Dina and Boubs’s relationship soon becomes a transactional one: He’s allowed to keep the purloined goods if he’ll complete a task for her, collecting signatures and fingerprints of local officials with whom he’s been working. She’s both testing him and recruiting him, for reasons that aren’t immediately clear but that apparently involve the hunt for terrorism suspects linked to those embassy bombings. She also indulges his awkward attempts at flirtation even as she recognizes (1) that she’s way too old for him and (2) that his romantic interest owes more to the recent collapse of a love affair (complete with a dramatically bungled wedding proposal) and his sense of isolation after spending several years overseas with few English-speaking romantic prospects.

Director May Adrales stages this two-hander on Tim Mackabee’s spare turntable set with an authority that manages to override our doubts about the narrative’s questionable plausibility. Could Boubs really be smitten with Dina? Will she really give in to his expectations of a New Year’s Eve hookup? (As if to reinforce the absurdity of their mismatch, Boubs arrives in their hotel room and immediately blurts out, “I brought condoms. I have, like, thirty of them.”) But here, as before, Dina finds a way to deflect Boubs from his personal desires and pivot his focus to her own agenda — in this case, a furtive mission that would not be out of place in a spy thriller, staged with a palpable sense of danger.

For Boubs, the assignment is a revelation. He’s an innate idealist, a do-gooder whose volunteer stint in Africa has been mostly mired in red tape and thwarted ambitions. But through Dina, he’s identified another way that might be able to make a real difference in the world. “You do things,” he tells her. “You live by a code. That’s what I want.” Dakar 2000 is a mesmerizing study about how even the most unlikely people can be seduced to the dark side by being offered a sense of real agency. It’s also about how we respond to those acts of seduction, the corruption that often comes with it, and the self-justifying lies we tell (to ourselves most of all).

Ali and Barron have a convincing chemistry together, a necessary quality to sell a relationship that on paper might seem ridiculous. And Ali continually upends our expectations with slightly unexpected line readings and a confident onstage presence that belies his character’s supposed reticence. He is a good liar, and that’s a useful skill set for an actor or a CIA operative. I have no idea how close Boubs’s experience comes to Joseph’s own time in Senegal — I suspect not close at all — but the power of his storytelling suggests that we will probably never know for sure.
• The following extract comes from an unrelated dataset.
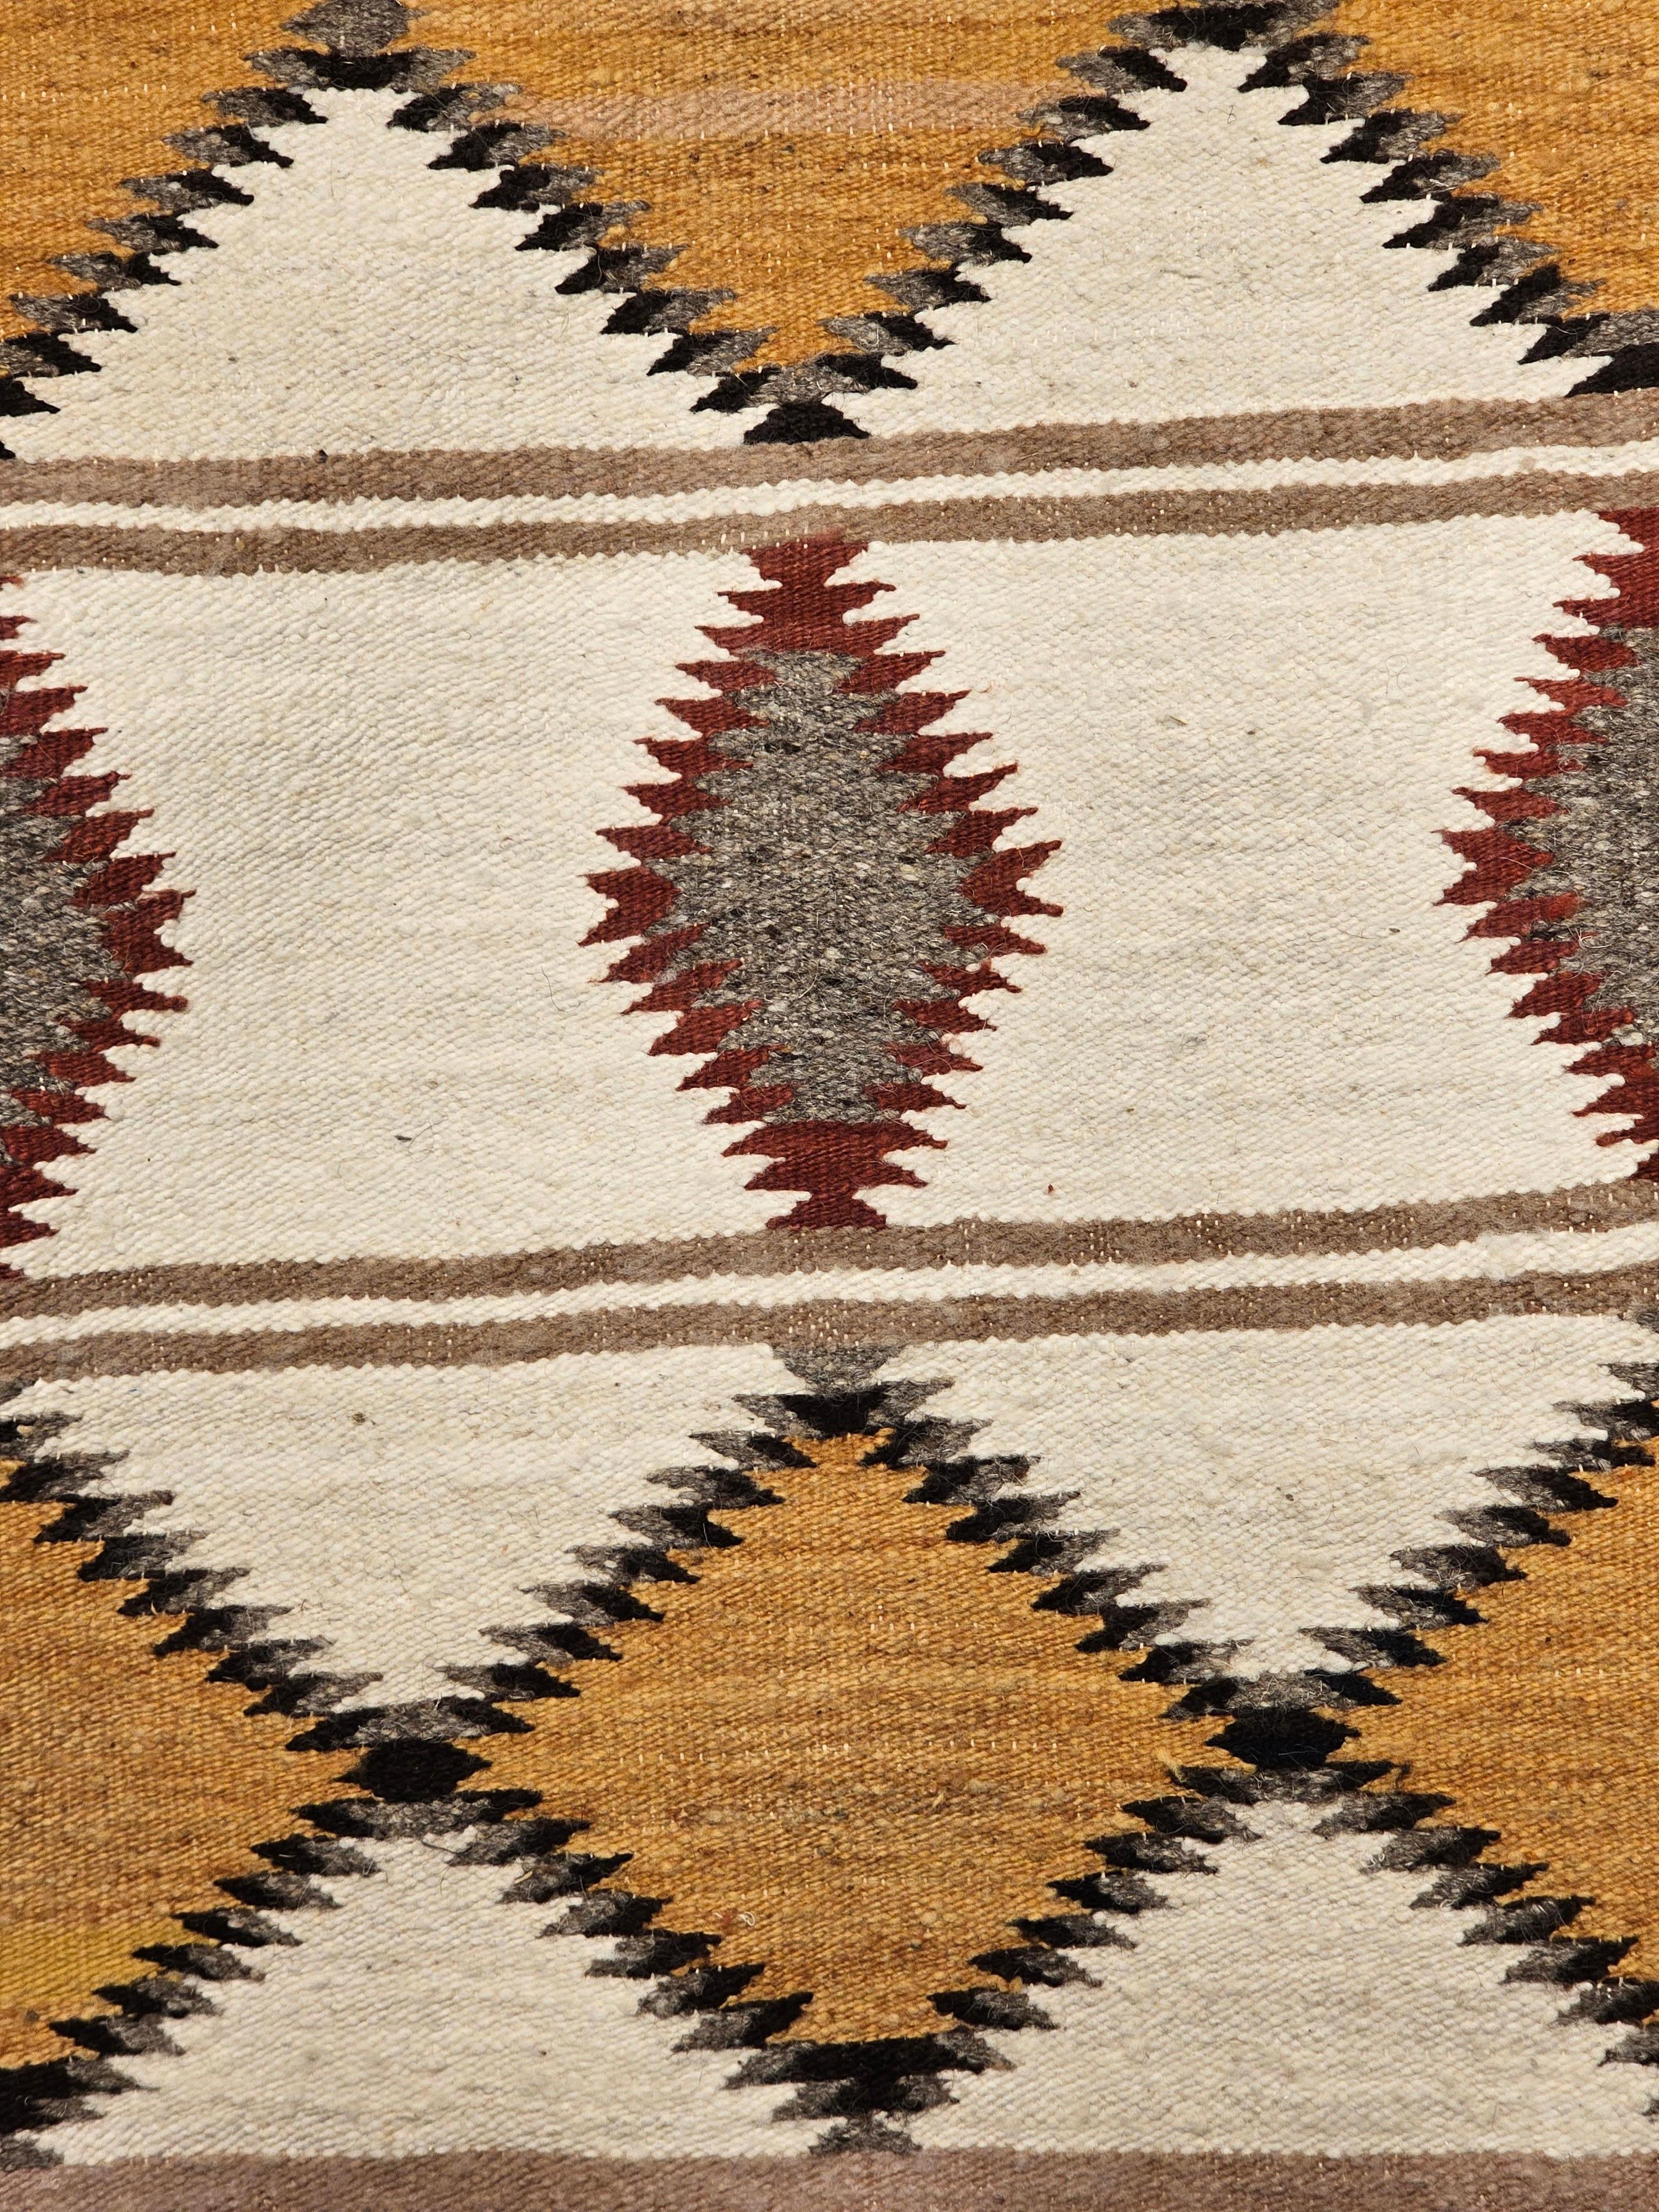 native american carpet

And that’s one of the most cunning aspects of Dakar 2000, a drama that’s about the act of storytelling itself and how a crafty liar can string us along with a series of whoppers that he somehow manages to make us swallow without reservation. ★★★★☆

DAKAR 2000
Manhattan Theater Club, Off Broadway
Running time: 90 minutes (no intermission)
Tickets on sale through March 23 (tickets: $79-99)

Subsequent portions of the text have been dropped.